The unions were segregated and the music that grew from those movements was coming from Woody Guthrie, Pete Seeger and the Weavers, Peter, Paul and Mary, et al, (good folks all) but it would be decades before black artists would be allowed to cross over into the mainstream of arts and culture. Then Josh White, Odetta, Oscar Brown, Jr., and the great blues singers began to be recognized and appreciated -- but only in a special category called "race" music. I know because we got our start in the music business at the end of the war, in June of 1945, when we opened Reid's Records in Berkeley, oriented to a black clientele.
So -- we bring together the Folk Music Society of San Francisco and the Union Chorus to this year's festival to reunite and celebrate. We've made the initial contact and it looks likely. It will be exciting. Some of those singers and musicians are veterans of the home front story -- shipyards, aircraft plants, munitions, Red Cross workers, USO volunteers, and some are Rosies. But how do we address the old race questions without breaking with our obligation to not advocate politically? Or, do we seize the opportunity to finally re-visit that period and those issues in a healing and inclusive way in order to get beyond them and in a way that exercises the commitment to community outreach which falls well within the bounds of my job description? If this sounds convoluted, it's because my pathway through this is still unclear.

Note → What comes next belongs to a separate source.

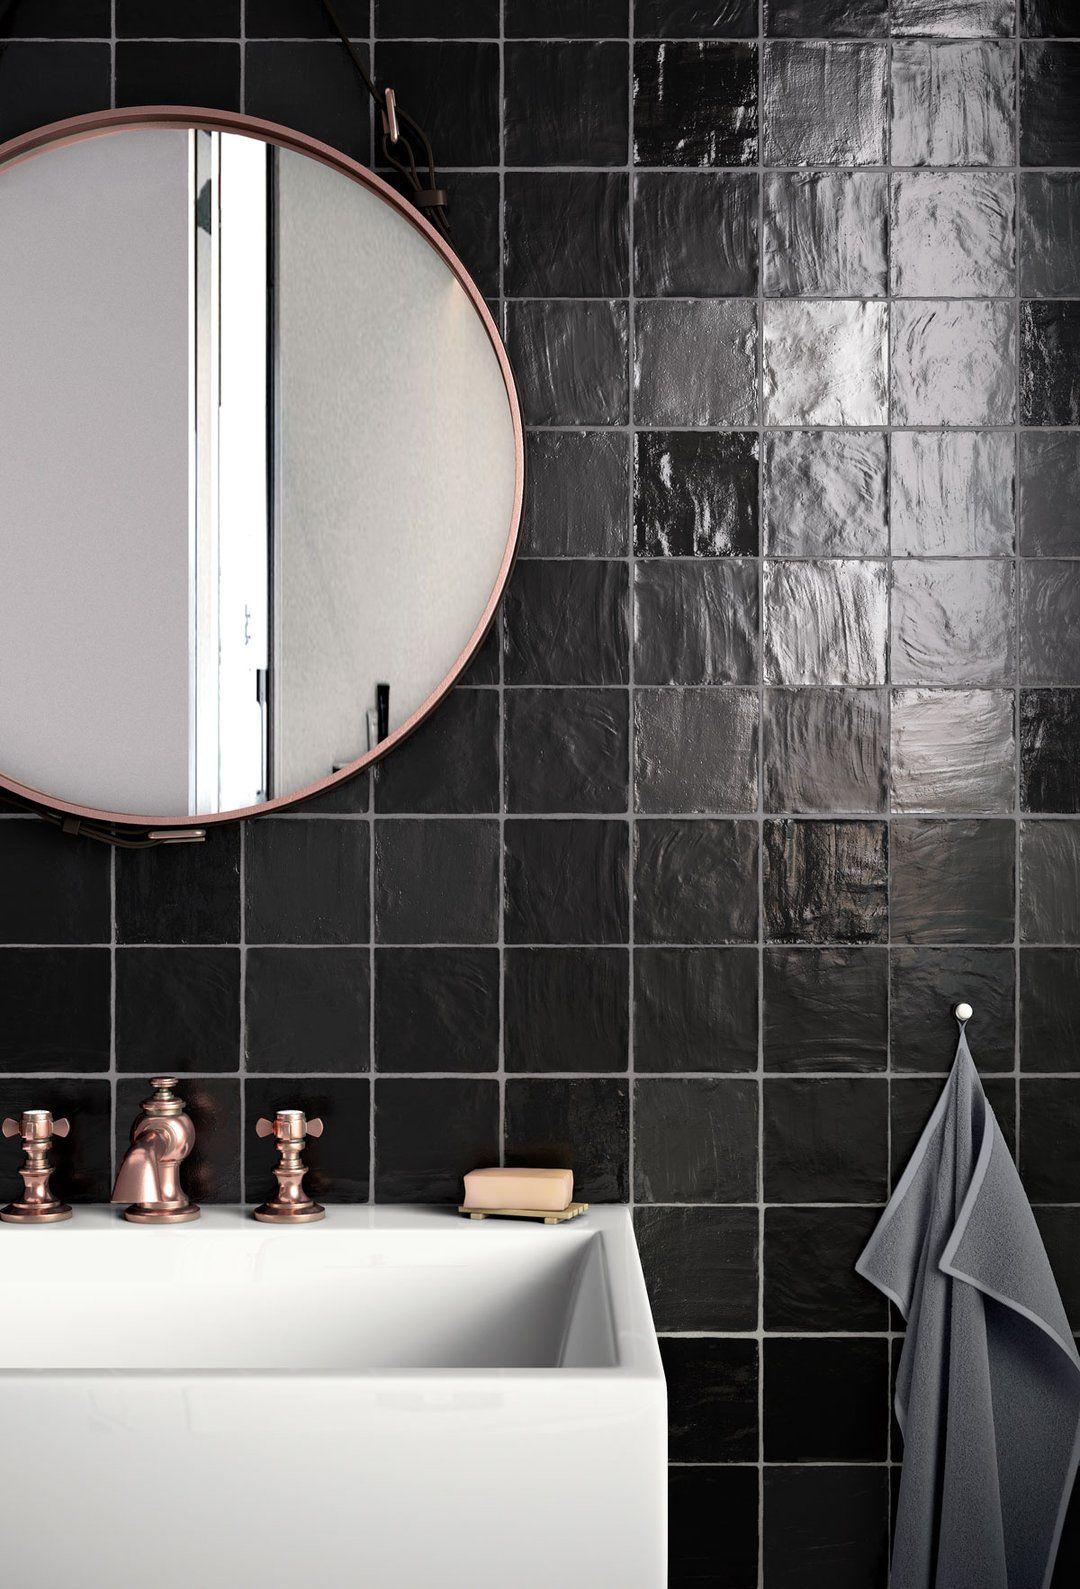 mallorca black ceramic tile 4x4 in 2021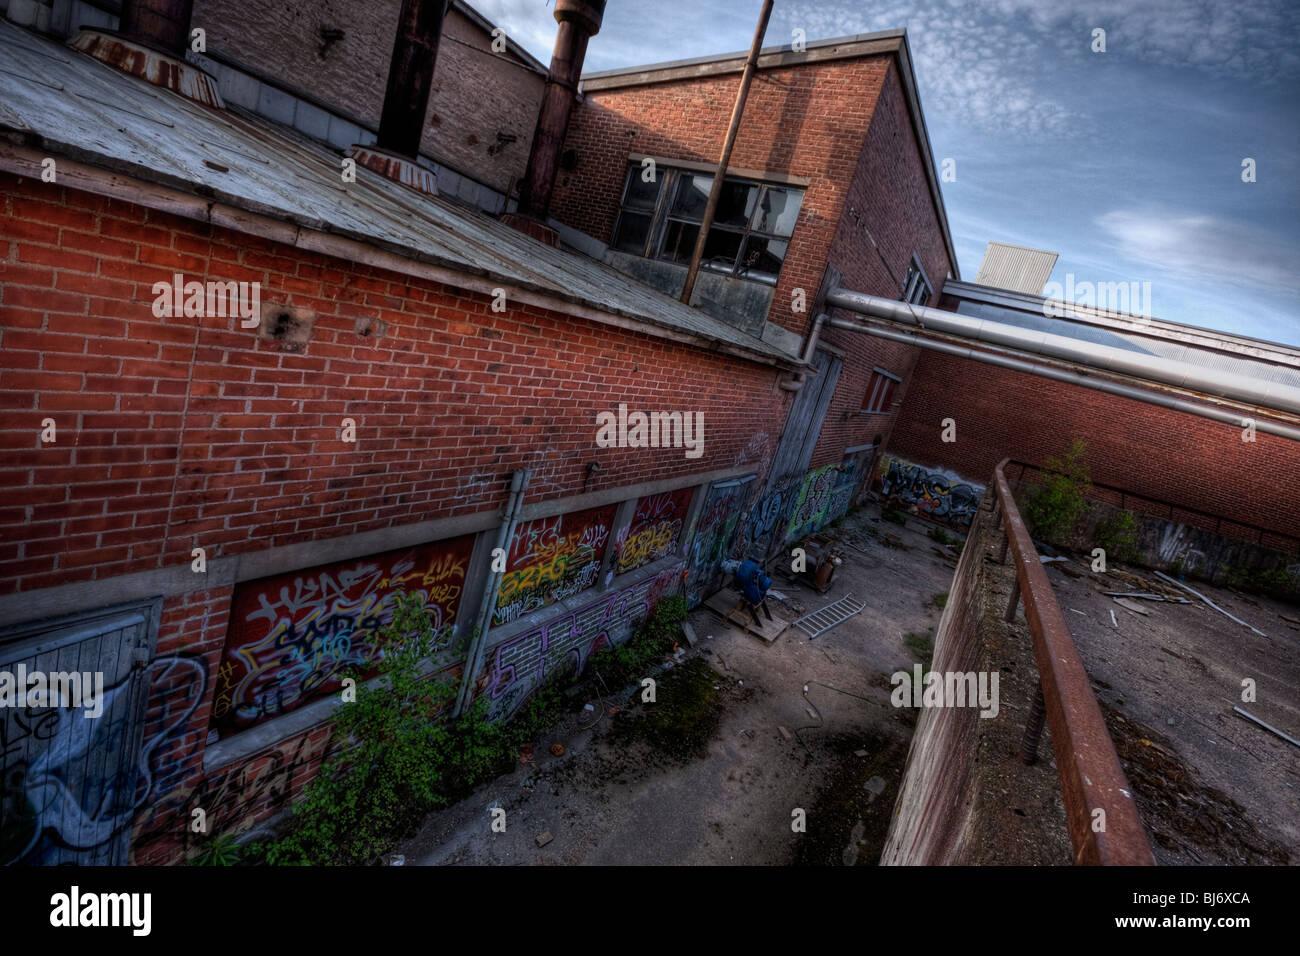 Abandoned warehouse - Stock Image

Finding the balances will be critical.
Typing out the words is helpful. I'll begin by asking for a meeting with those music groups so that we can explore the questions and invite them to help in the planning. It will be our chance to open the conversation and re-visit that historic period together. We can recognize that there were Americans of every race trying to get it right then -- just as there are now. That we can find ways to honor those efforts by sharing the hopes and dreams of a generation sharing the mission to save the world -- even while denying its collective humanity and need for one another.
And we can do it through the music of the period ... music that nurtured a generation and -- in time -- effected the direction of our progress. Despite whatever feeble efforts that were made by many, it would take another two decades to bring us to where we are now. There is much work still to be done. It may be that the opening of a new conversation on race relations is finally underway due to the candor and wisdom of a new generation of leadership.
Maybe, we're on our way toward true " .... freedom and justice for all!".
Photo: Can you place yourself in the shoes of the man being ushered out of this "Whites only" waiting room? Do you wonder whether his smile is from subservience -- or is it fear? By their dress one must assume the photo depicts a period during our lifetimes. Would not anger be the appropriate response to the situation -- even if it's delayed a generation or two?